The exogenous surfactant exhibits anti-inflammatory properties and reduces the production of tumor necrosis factor alpha, IL-1, IL-6, and so on (notably elevated during COVID-19) (Figure 1d). It reduces inflammation after intratracheal application to the lung and topical application on the skin. Herein, the exogenous surfactants can greatly lower the proinflammatory gene expression in the skin wounds [32]. Thus, it may efficiently contribute toward repair of damaged alveoli and prevent SARS-CoV-2–associated respiratory failure. Corey et al. have stressed the need for further investigation regarding exogenous surfactant therapy [34]. A third-generation synthetic surfactant named CHF5633, comprising analogs of SP-B and SP-C (0.2% and 1.5%, respectively) in the 1:1 DPPC:palmitoyloleoylphosphatidylglycerol mix, exhibited an encouraging outcome in a phase I clinical trial designed for RDS [39]. Moreover, CHF5633 has the potential to reduce synthesis of proinflammatory cytokines in human macrophages, and it may enhance the role of exogenous surfactant therapy in severe lung diseases. A clinical trial on exogenous surfactant administration therapy (bovine lipid extract) for patients with COVID-19 and ARDS named ‘LESSCOVID’ has begun at London Health Sciences Centre, UK [35]. Another nebulized surfactant ‘COVsurf’ is being clinically trialed at University Hospital Southampton NHS Foundation Trust [36]. Some pharmacological companies such as Windtree Therapeutics™ (synthetic KL4 surfactant) and Lyomark Pharma GmbH (bovactant surfactant) have been working toward clinical studies with their potential therapeutics for patients with COVID-19 [32].

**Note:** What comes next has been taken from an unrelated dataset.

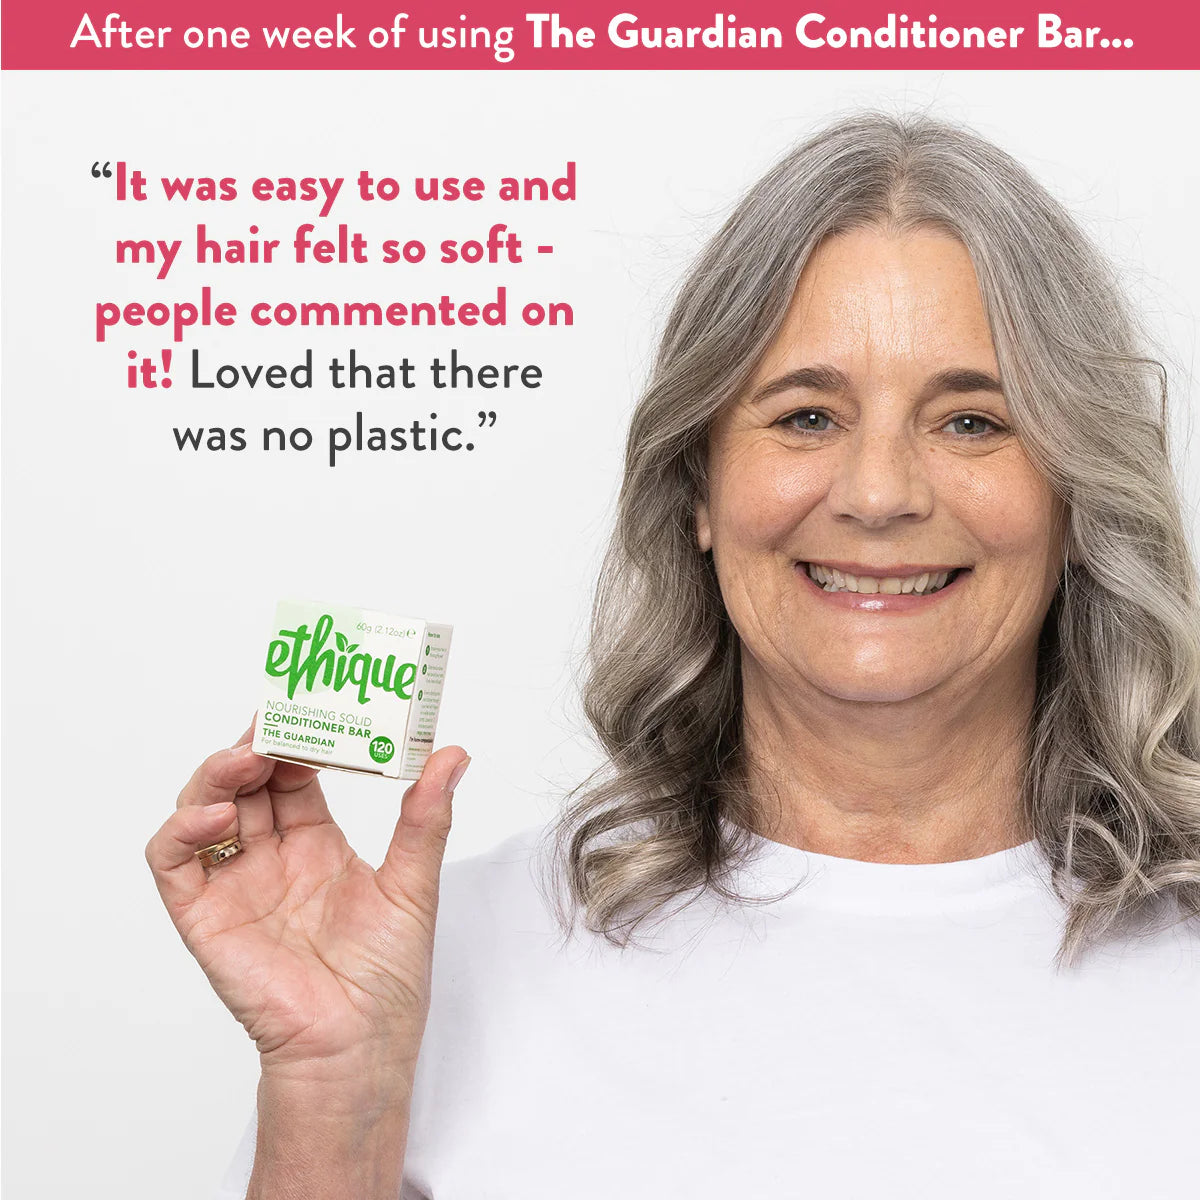 Ethique Nourishing Conditioner Bar for Dry Hair: The Guardian
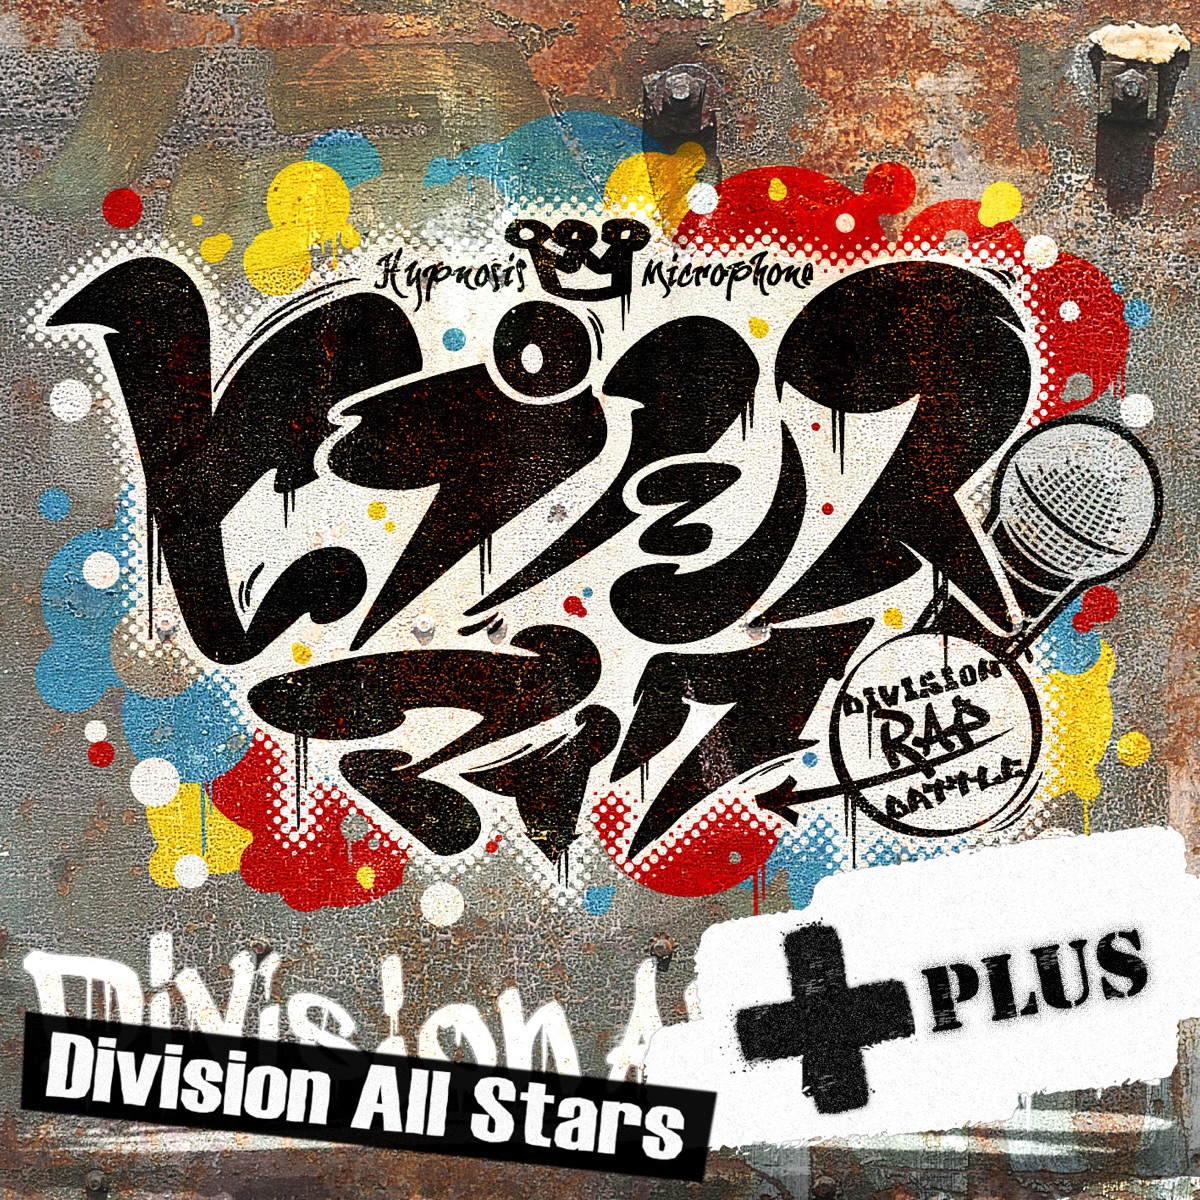 Cover art for『Division All Stars - ヒプノシスマイク -Division Rap Battle- +』from the release『Division All Stars - HypnosisMic Divisoin Rap Battle +

Furthermore, SP-A and SP-D can be important clinical markers for alveolar cell collapse or leakage, which are very common features of SARS CoV-2 infection–mediated lung injury, resulting in the release of those proteins in the circulatory system [37]. A high level of circulatory SP-A and SP-D has been reported for H1N1 infection and pulmonary fibrosis [38], and these markers can easily be measured for early assessment of severity of lung injury, which would be very important for prognosis of fatality. Thus, taking the importance of clinical facts into account, adjunctive therapy using exogenous pulmonary surfactants can be a weapon to mitigate alveolar damage and prevent progression of later-stage syndromes. Furthermore, early detection of surfactant collectins (SP-A and SP-D) in the circulatory system can be a significant clinical marker for disease prognosis in the near future.

Conclusion

After nearly 50 years of investigation, exogenous surfactant therapy or surfactant replacement therapy has recently been seen to have an effect on critical lung diseases, especially on the survival rate in neonates with ARDS. The concept and current mode of therapy is already some steps ahead of the early stages. However, adult patients with ARDS have failed to exhibit positive effects on morbidity and mortality. Why is the result so dissimilar in the case of ARDS among the adult and neonatal groups? Herein, some studies displayed negative consequences because of the surfactant's inefficacy and methods of delivery. As the worldwide severity of COVID-19 pneumonia escalates, researchers should not ignore the potential of this promising therapy and should aim to transform fundamental research on exogenous surfactants into medical application. Accurate timing of administration, the effective dose, suitable delivery methods, the selection of a particular effective drug among varied types of surfactants that show differences in density or viscosity, and the course of ventilation before and after therapy should be the prime areas of focus. Although the sensitivity of complex surfactant biochemistry is one of the major hindrances toward clinical application, pursuing deeper investigations may lead to the discovery of missing pieces in the puzzle.

Declaration of competing interest

The authors declare that they have no known competing financial interests or personal relationships that could have appeared to influence the work reported in this paper.